在解析器生成语法树之后,但是在解释器开始执行之前,我们将对语法树进行一次遍历,解析语法树包含的所有变量。解析和执行之间添加新的处理管道是正常的。如果Lox中存在静态类型,我们可以在管道中执行类型检测。优化,也经常发生在这样的单独管道中。基本上,任何不依赖于,仅在运行时可用的状态的工作,都可以通过这种方式(添加管道)来完成

Our variable resolution pass works like a sort of mini-interpreter. It walks the tree, visiting each node, but a static analysis is different from a dynamic execution:

  • There are no side effects. When the static analysis visits a print statement, it doesn’t actually print anything. Calls to native functions or other operations that reach out to the outside world are stubbed out and have no effect.

  • There is no control flow. Loops are visited only once. Both branches are visited in if statements. Logic operators are not short-circuited.

我们的变量处理管道,就像是一个小型的解释器,它会遍历语法树,访问每一个节点,但是静态分析与动态的运行是不同的

  • 没有副作用,当静态分析访问一个print语句时候,它不会实际执行该语句,对本地函数或者其他外部函数(调用会对外界产生操作),不会产生任何影响。

  • 没有控制流,循环只会访问一次,在if语句中将会访问两个分支,逻辑运算符也没有短路场景

Variable resolution touches each node once, so its performance is O(n) where n is the number of syntax tree nodes. More sophisticated analyses may have greater complexity, but most are carefully designed to be linear or not far from it. It’s an embarrassing faux pas if your compiler gets exponentially slower as the user’s program grows.

变量解析器,会遍历每一个节点,所以它的复杂度是 \( O(n) \), 其中n 是语法树即诶单的数量。更复杂的分析可能具有更大的复杂度,但是大多数的分析都是精心设计的线性复杂度或者几乎是线性的,如果编译器随着用户程序的增长,分析程序呈现指数级复杂度变化,则分析过程会变慢,这是一个不好的分析设计。

三、A Resolver Class

解析类

Like everything in Java, our variable resolution pass is embodied in a class.
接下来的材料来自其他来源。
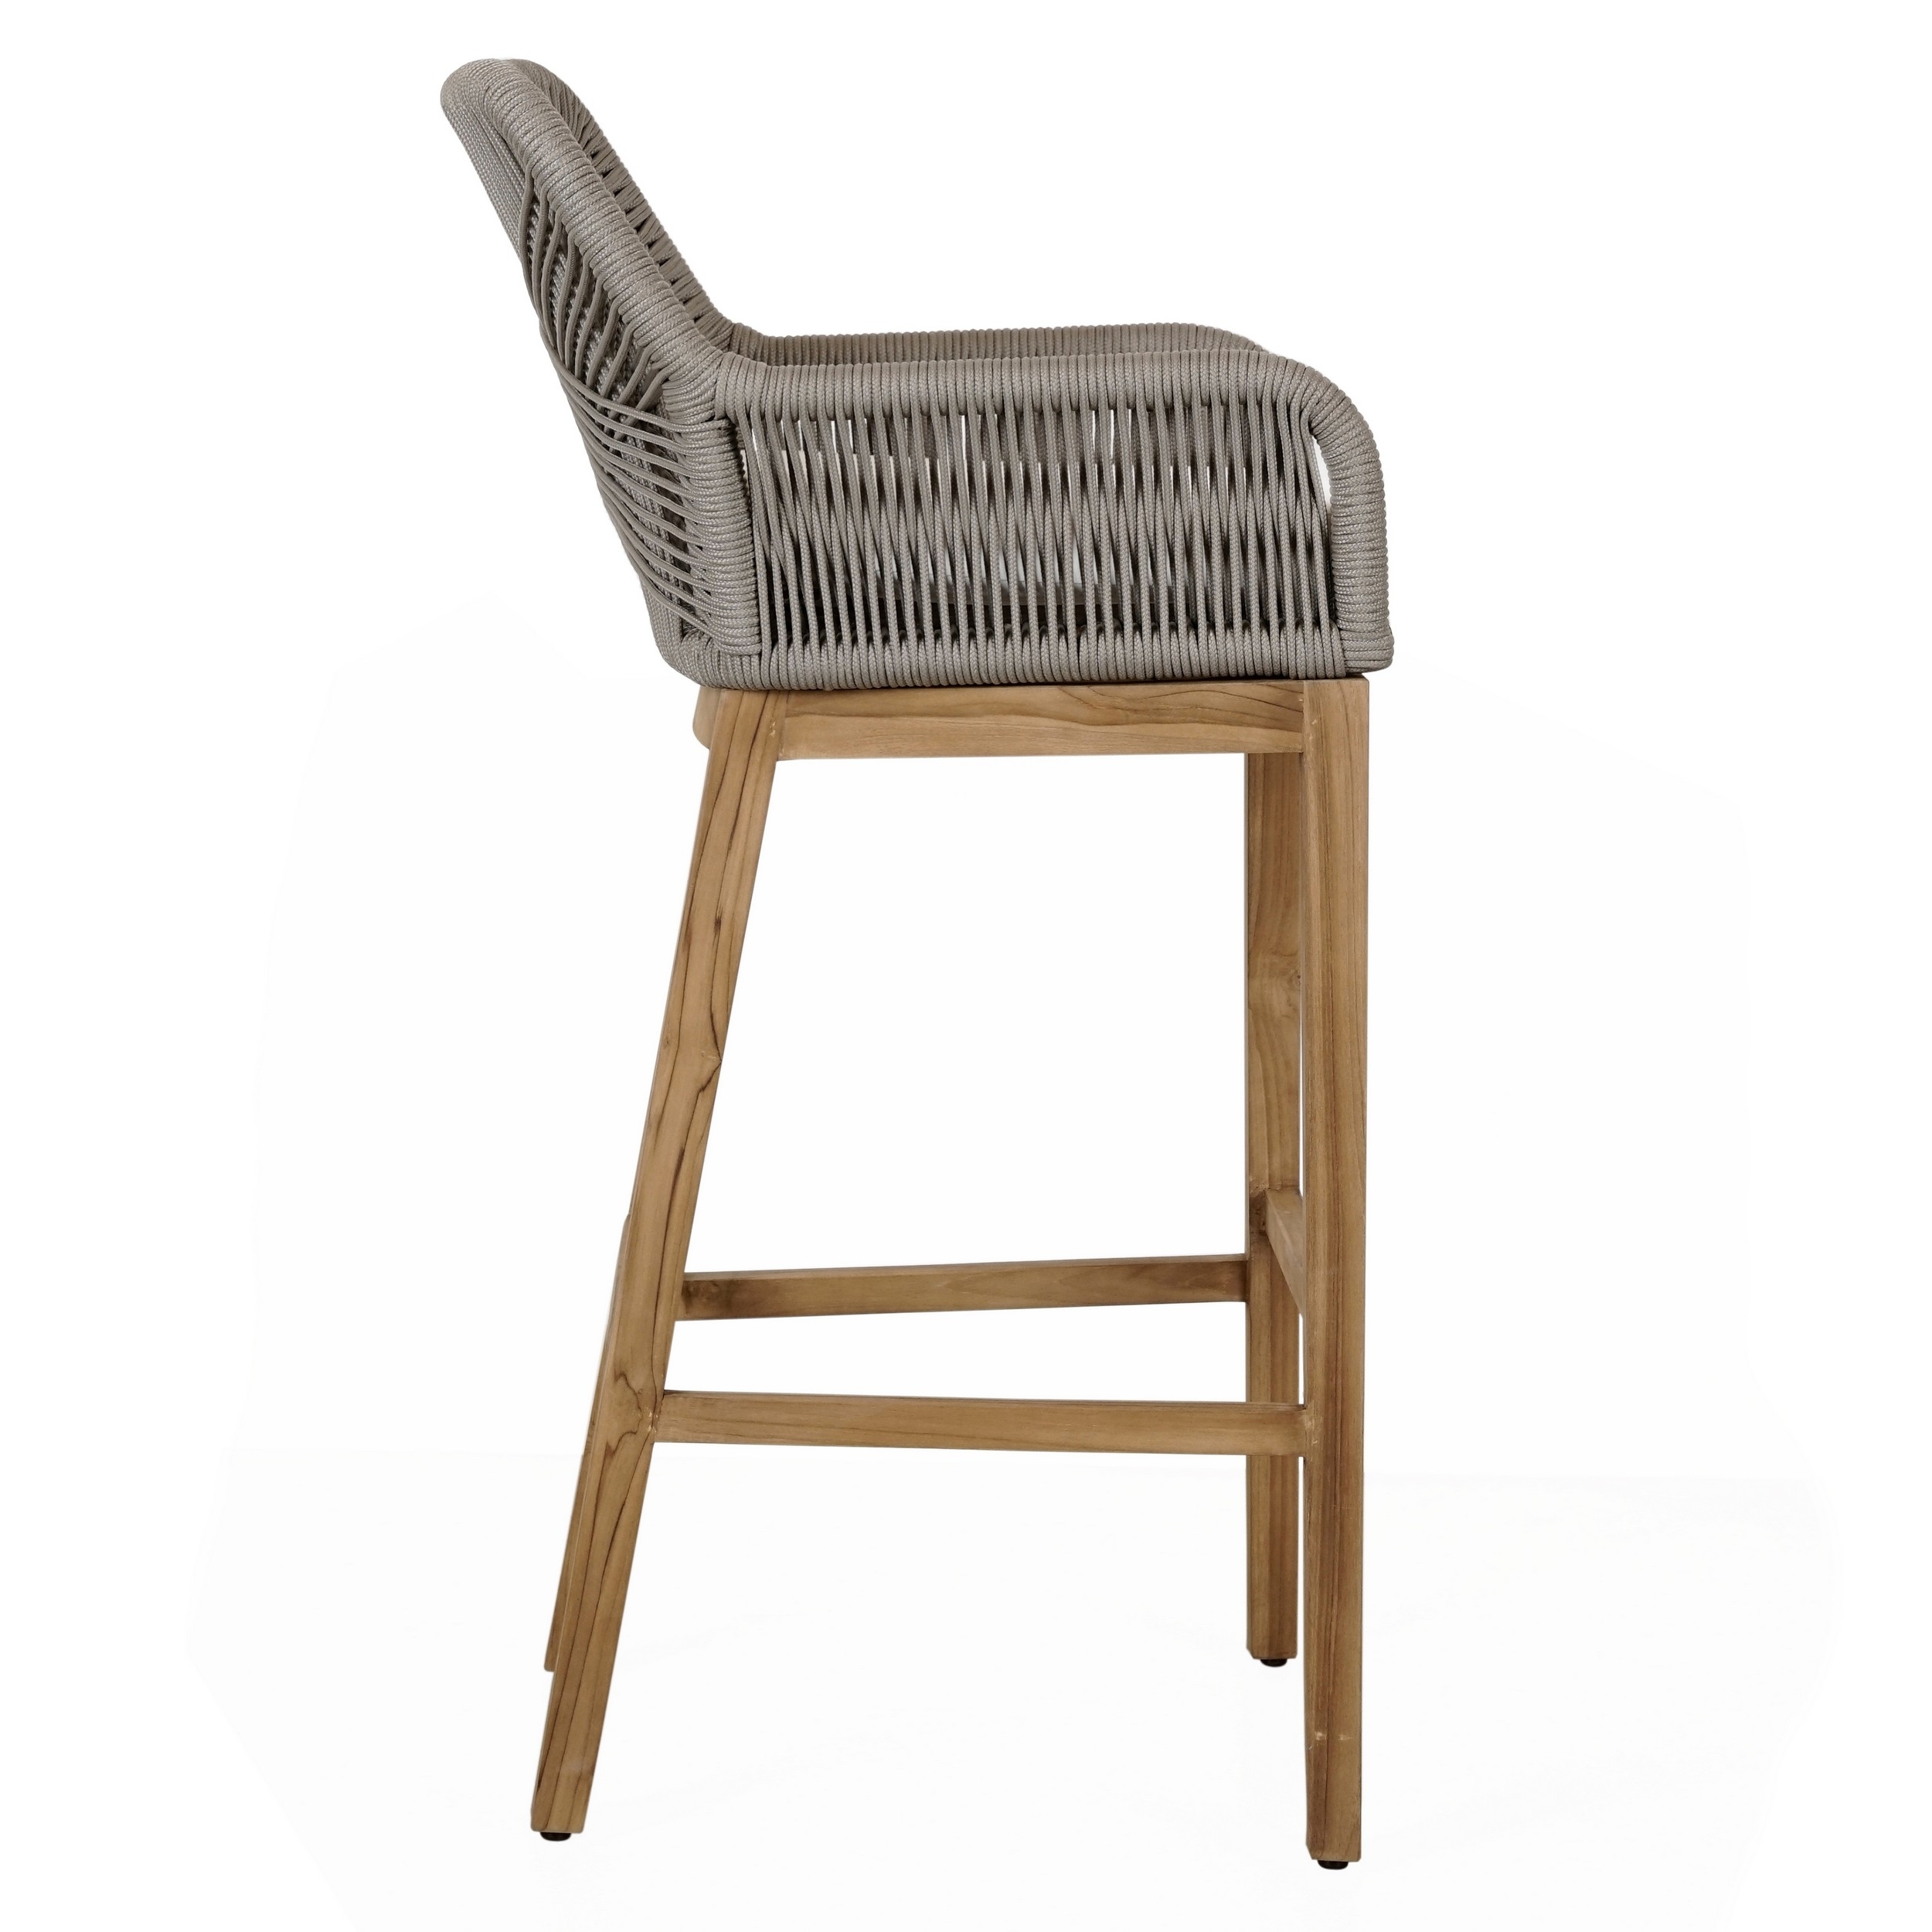 Navi 33 Inch Outdoor Barstool Chair, Woven Rope Crossed, Gray, Brown Teak -Saltoro Sherpi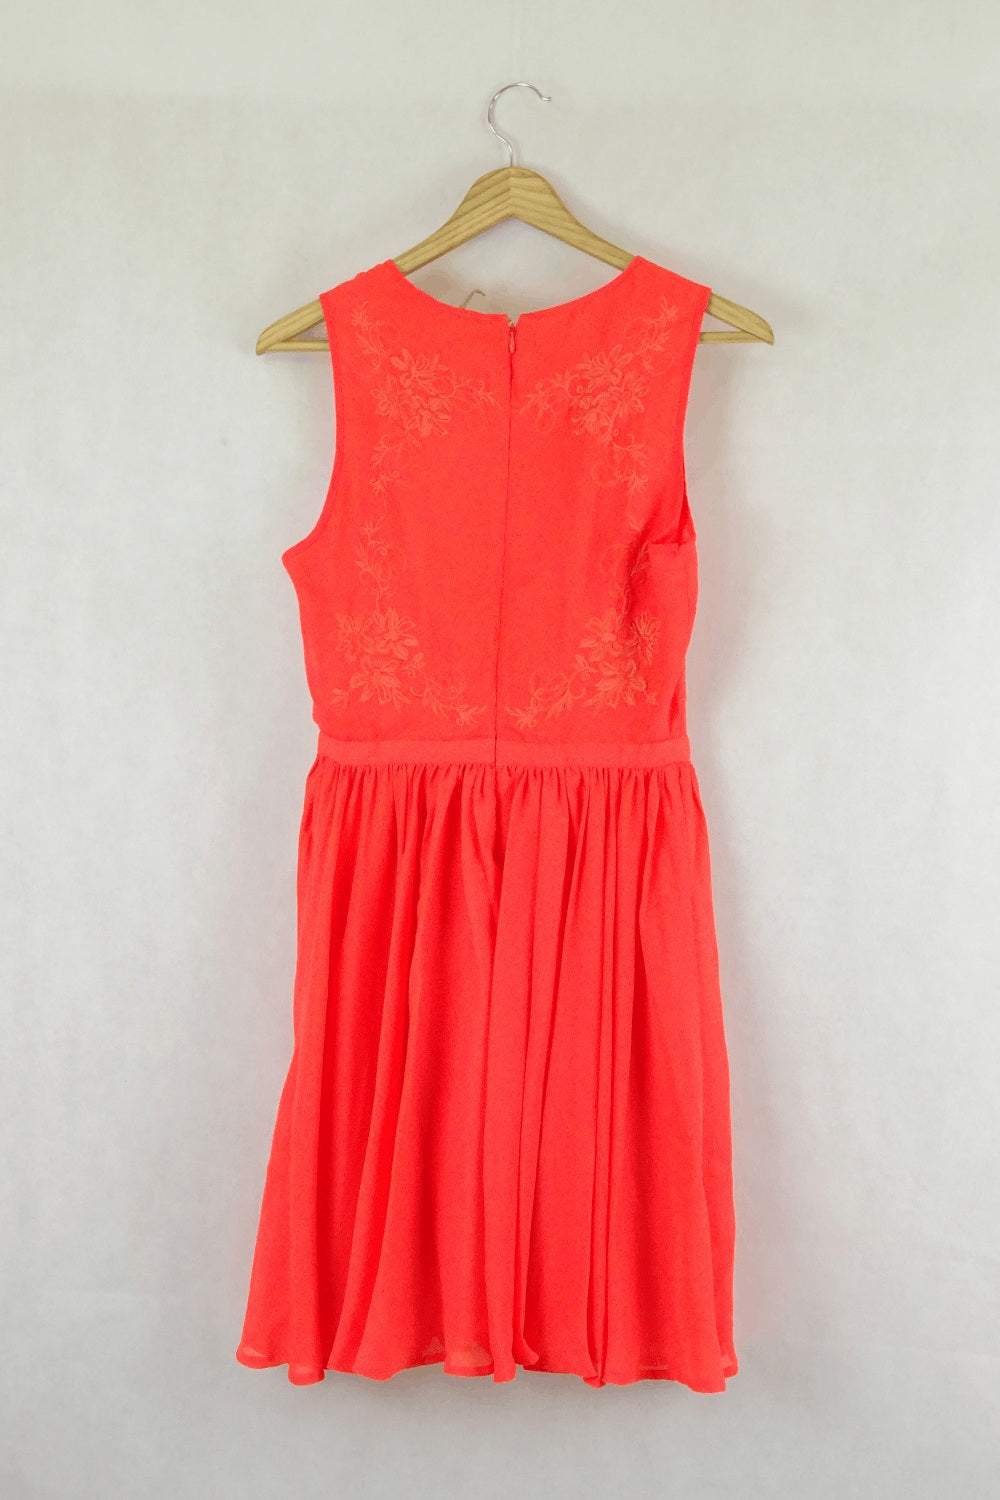 Tokito Fit And Flare Orange Embroidered Sleeveless Dress 8

像Java中的所有东西一样,我们的变量解析管道,也会封装为一个类


// lox/Resolver.java, create new file

package com.craftinginterpreters.lox;

import java.util.HashMap;
import java.util.List;
import java.util.Map;
import java.util.Stack;

class Resolver implements Expr.Visitor<Void>, Stmt.Visitor<Void> {
  private final Interpreter interpreter;

  Resolver(Interpreter interpreter) {
    this.interpreter = interpreter;
  }
}


Since the resolver needs to visit every node in the syntax tree, it implements the visitor abstraction we already have in place. Only a few kinds of nodes are interesting when it comes to resolving variables:

  • A block statement introduces a new scope for the statements it contains.

  • A function declaration introduces a new scope for its body and binds its parameters in that scope.

  • A variable declaration adds a new variable to the current scope

  • Variable and assignment expressions need to have their variables resolved.

因为解析器,需要访问语法树中的每一个节点,所以它实现了我们已经之前定义的接口,在解析变量时候,只需对几种类型的节点进行处理

  • 块语句,为它包含的语句,创建一个你的作用域

  • 函数声明,为它的主体,引入一个新的作用域,并在该作用域中绑定参数

  • 变量声明,在当前的作用域中添加了一个新变量

  • 变量和赋值表达式,需要解析对应的变量

The rest of the nodes don’t do anything special, but we still need to implement visit methods for them that traverse into their subtrees. Even though a + expression doesn’t itself have any variables to resolve, either of its operands might.

其余类型节点,没有任何特殊,但是我们仍然需要为遍历的每个节点实现visit方法,即使一个 + 表达式,本身没有任何需要解析的变量,它的任何一个操作数需要解析变量

3.1 Resolving blocks

解析语法块

We start with blocks since they create the local scopes where all the magic happens.

我们从语法块开始,因为它们创建了本地作用域,而在其中,将发生一些神奇的变化


// lox/Resolver.java, add after Resolver()

  @Override
  public Void visitBlockStmt(Stmt.Block stmt) {
    beginScope();
    resolve(stmt.statements);
    endScope();
    return null;
  }


This begins a new scope, traverses into the statements inside the block, and then discards the scope. The fun stuff lives in those helper methods. We start with the simple one.

这将开始一个新的作用域,遍历块内的语句,然后抛弃作用域,有趣的东西存在于解析方法中,我们从简单开始


// lox/Resolver.java, add after Resolver()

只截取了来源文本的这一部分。